= Maurice Cameron =

Cameron in 1918.

Sir Maurice Alexander Cameron (1855–1936) was a naval engineer and expert in submarine mining who spent nine years in the Straits Settlements and Malaya.

He took up the position of Deputy Colonial Engineer and Surveyor-General in Penang in December 1883 and oversaw the construction of roads and other public works in Penang and Province Wellesley. In 1888, he was appointed Colonial Engineer in Singapore and involved in the construction of forts for defence purposes. He served as the chairman of a commission to investigate Chinese and Indian indentured labour in Malaya from 1890.

Cameron returned to England in 1894 and worked at the Designs Branch of the War Office briefly before taking up the post of Third Crown Agent for the Colonies. He retired in 1920 as First Crown Agent.

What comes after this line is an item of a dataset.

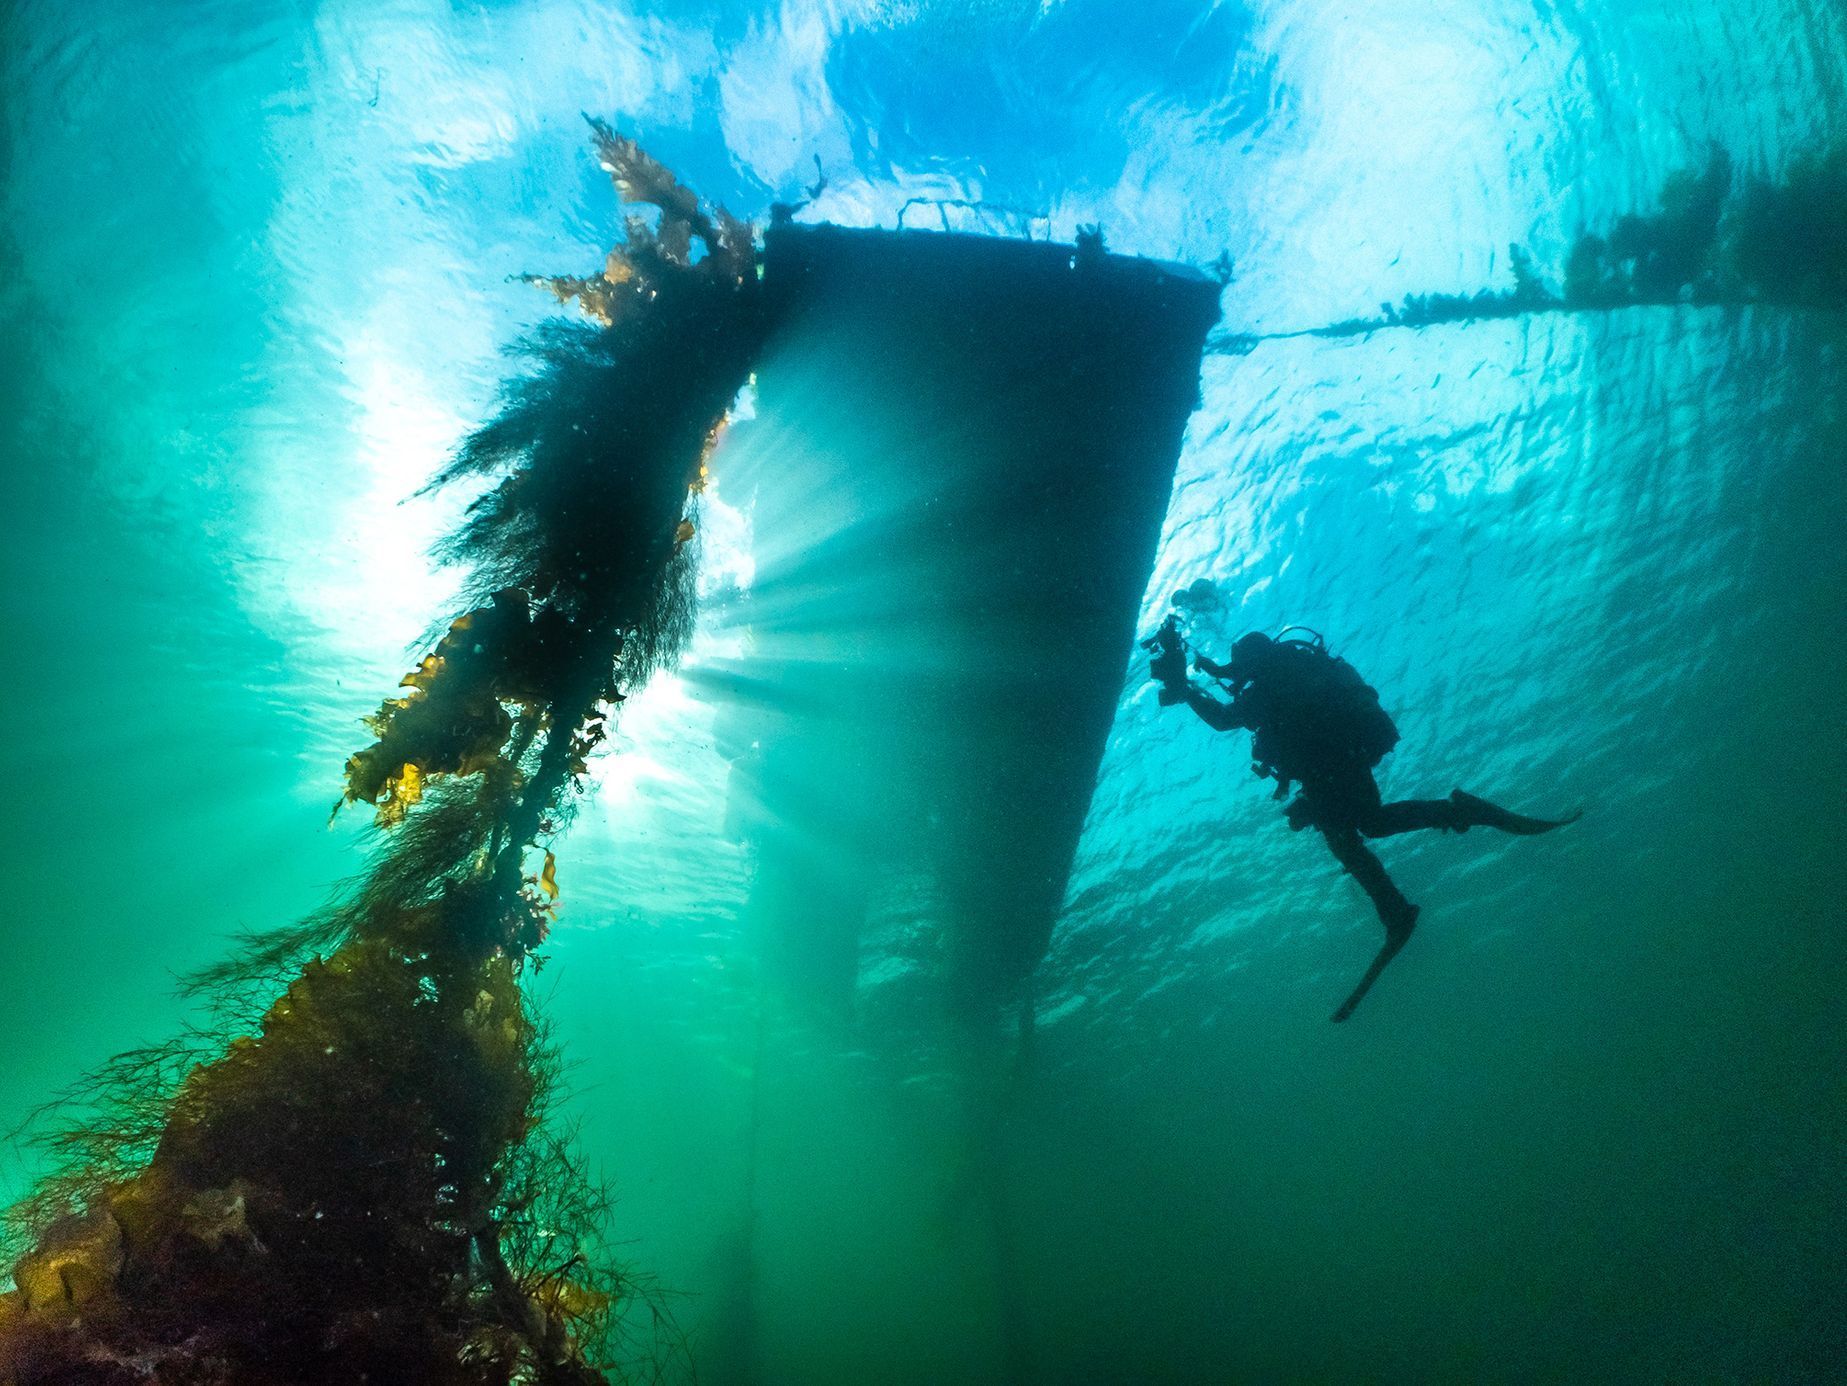 Vítězové soutěže Underwater Photographer of the Year 2021
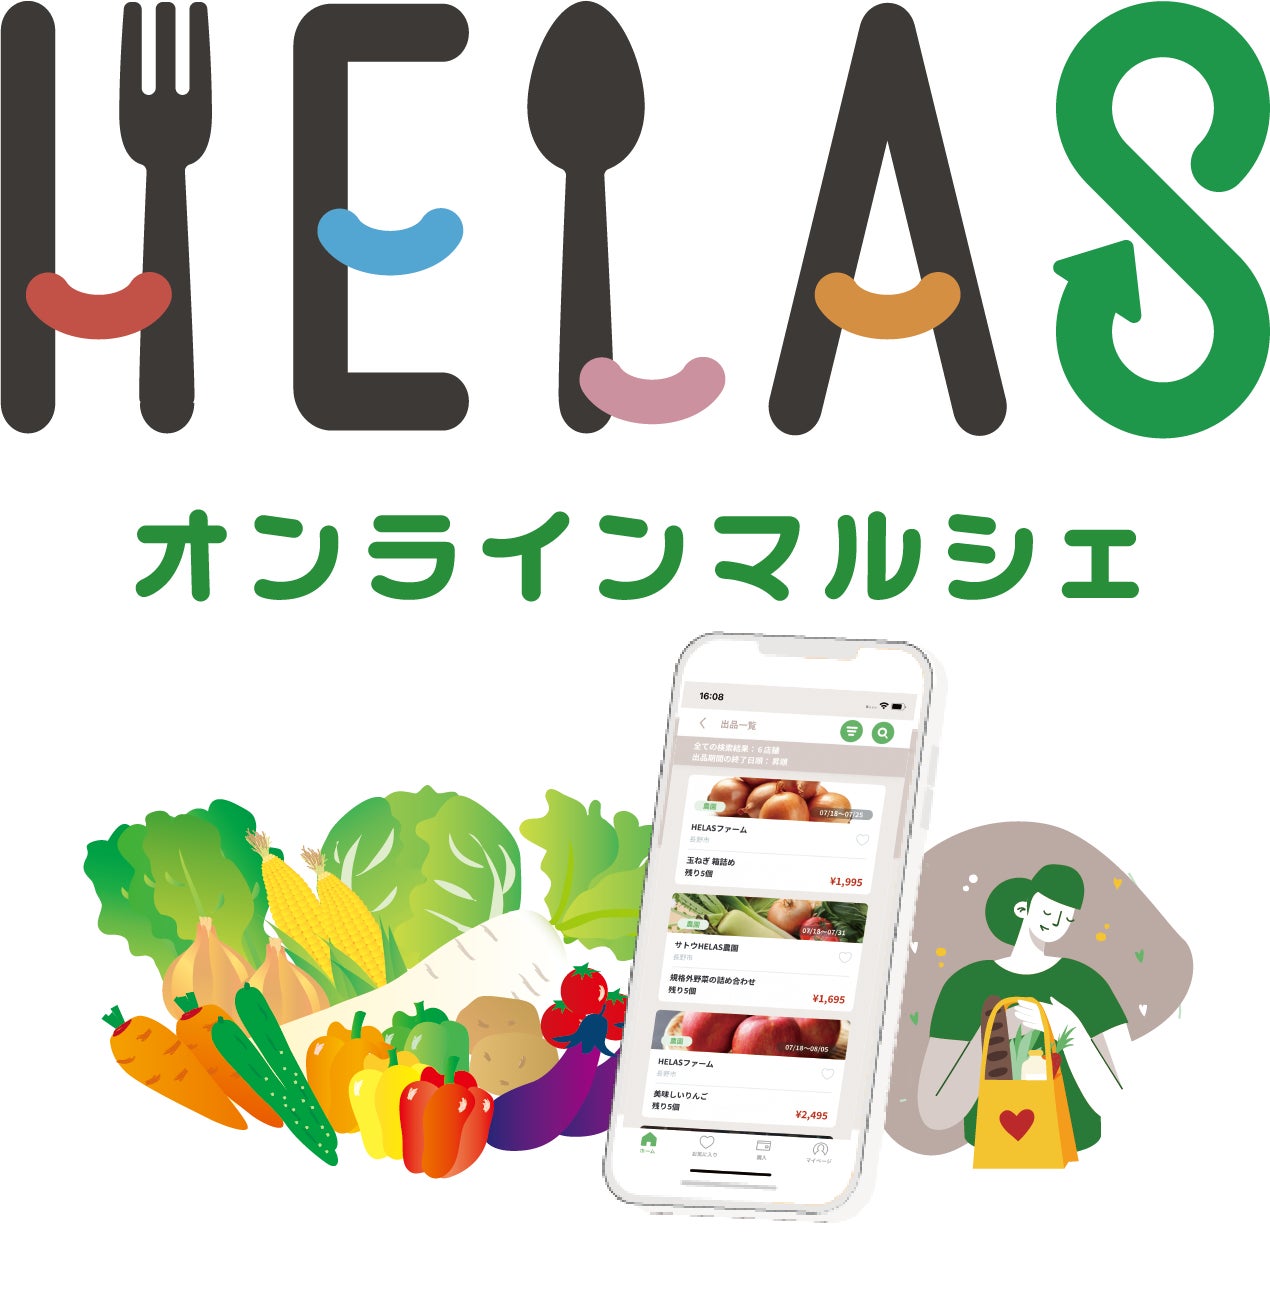 信州産の規格外野菜＆果物を全国にお届け～長野県の新聞社がヤマト運輸とタッグを組んで農家を支援。食品ロス削減を支援するスマートフォンアプリ 『HELAS(ヘラス)オンラインマルシェ』の提供を開始

In retirement, Cameron was involved in the Royal National Lifeboat Institution, joining its Committee of Management in 1921 and being elected vice-president in 1933.

Cameron was awarded the Order of St Michael and St George in 1900 and was promoted to KCMG in 1914.

==Personal life==
Cameron married Ethel Ancrum in 1894. They had three children together: Ewen Arthur, Alexander Maurice and John Ancrum. Ethel Ancrum died in 1903, and in 1920 Cameron married Francis Perkins.